A key weakness of Pastry routing, when it comes to overlaying an anonymity system
on it, is that the node receiving the message routed using anycast, is not random.
An adversary can use the above property to degrade the quality of the anonymity provided by the system.
The reduction in anonymity sets can only be used in conjunction with other attacks, since by itself, a sparse mix network is still secure even for small path lengths.
### Ch 6: Defenses
> How reputation management and Byzantine fault tolerance algorithms can be applied to anonymous communication systems to defend against path compromise strategies.
#### Path Compromise and Reputation
A reliable reputation mechanism would be an effective counter to the adversary trying to make itself look more attractive to be selected as a relay mix.
Such a mechanism would allow us to:
* maintain history on node behavior to identify dishonest activity.
* Distribute this information to other mixes in the system.
MorphMix attempted to use local view information to address the shortcomings of using a small set of trusted authorities. However, attackers may be able to model a victim’s local knowledge and manipulate its content to prevent detection.
An important aspect of reputation management is verifying mix capabilities. During path construction, many system protocols have been designed to take into account the bandwidth capacity and current mix load before selecting mixes to use in the relay path.
Malicious nodes are able to make themselves look more attractive by providing specially crafted “honest-looking” selections that not only fool a victim into thinking they are honest, but additionally lower the collusion threshold such that honest nodes are falsely detected as being dishonest.
** Path Compromise Detection and Prevention**
We need a mechanism to detect such types of dishonest behavior and a protocol to disseminate this information reliably to the rest of the mixes in the network.
If each relay group required acknowledgments from multiple mixes in the subsequent relay group, it could be assured that the message was broadcast to at least some set of mixes in the next group.
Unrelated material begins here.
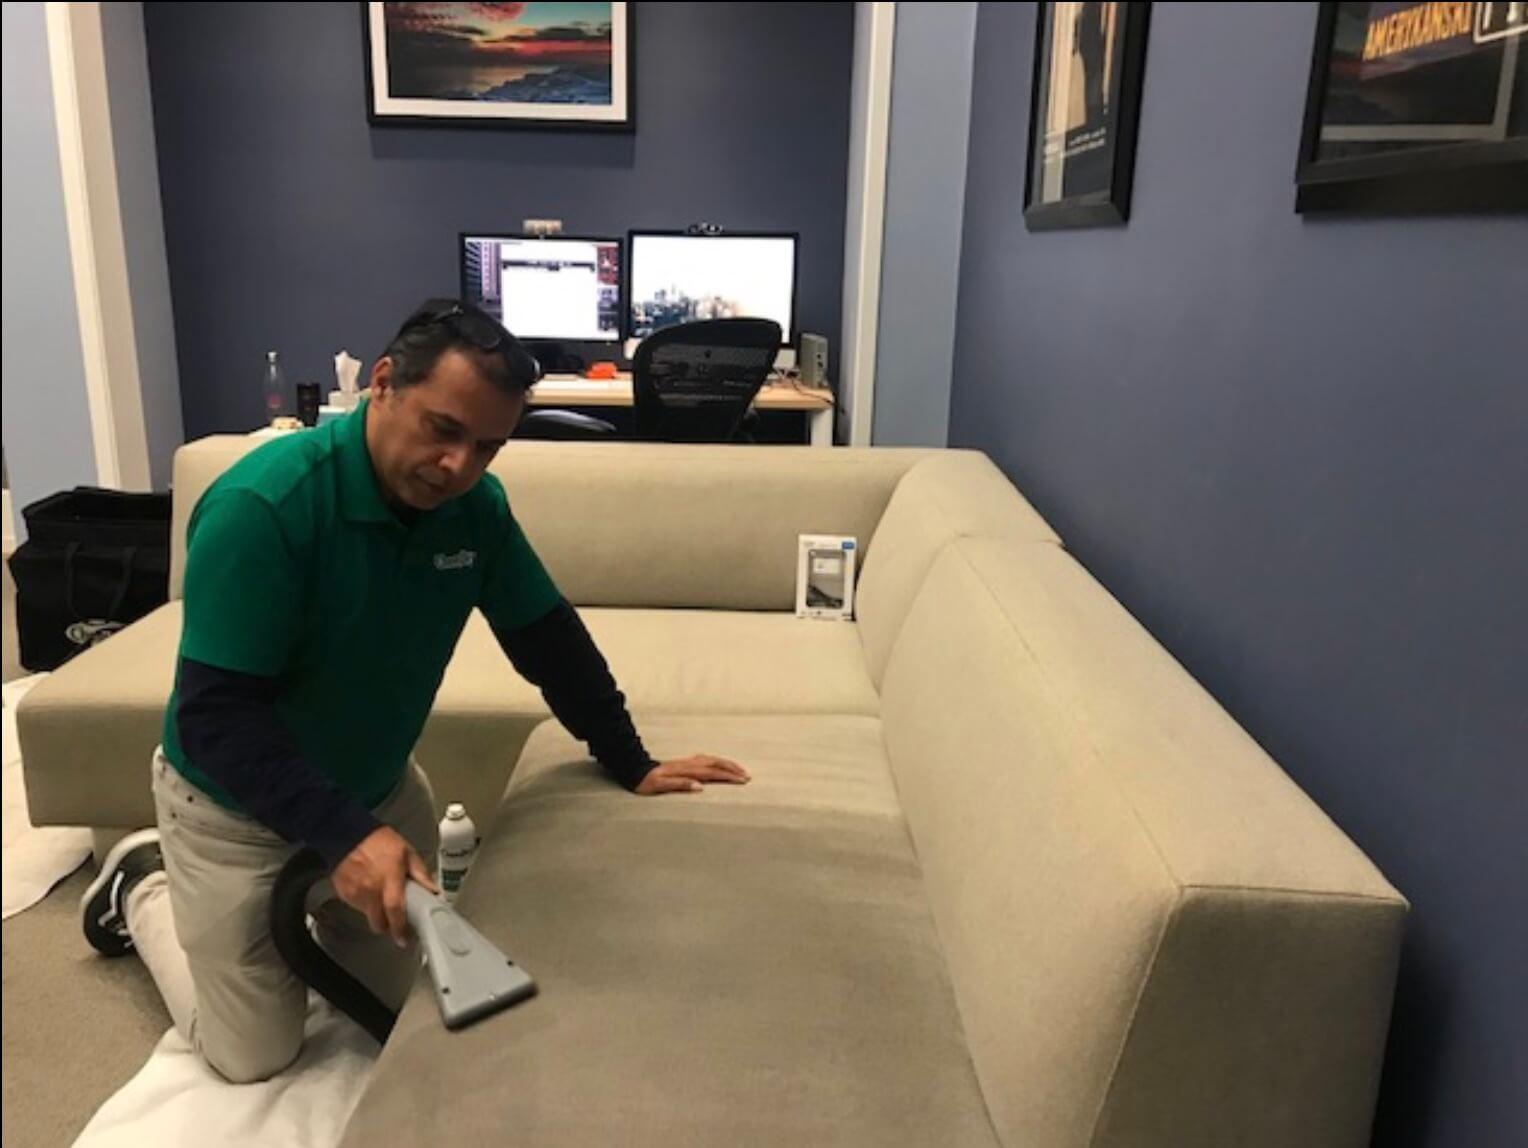 Upholstery Cleaning San Antonio

Otherwise it could rebroadcast the message until it has either received a sufficient number of acknowledgments or has reason to believe there is suspicious behavior taking place.
Using a group of trusted servers to monitor statistics of failed connections may shed light on repeated misbehaviors and allow for protocols based on reliable mix reputations.
> It is uncertain if reputation management schemes can be applied to anonymous systems without disrupting mix anonymity and user unlinkability within the system.
#### BFT and Anonymous Communications
> It has been shown that more than 2/3 of the participants in a system must be non-faulty for BFT techniques to hold.
Unfortunately, there are two major limitations of BFT algorithms that complicate their application to anonymous communication systems:
1. First, BFT techniques require replicated state between servers, however, this reduces the privacy of mixes.
2. Second, most BFT techniques assume closed group membership of BFT groups, but anonymous communication systems typically have dynamic structures.
If a system was able to initially form a secure BFT group among participants, they could determine the security protocols necessary to maintain fault tolerance, but how does one initially form a BFT group without first knowing these protocols.
### Ch 7: Conclusion
> Due to the nature of current anonymous network designs, the resources needed for participation are low, so this adversary is a significant threat. Additionally, an attacker that controls mixes in the network can both behave honestly and dishonestly according to the system protocols, making him hard to detect and defend against.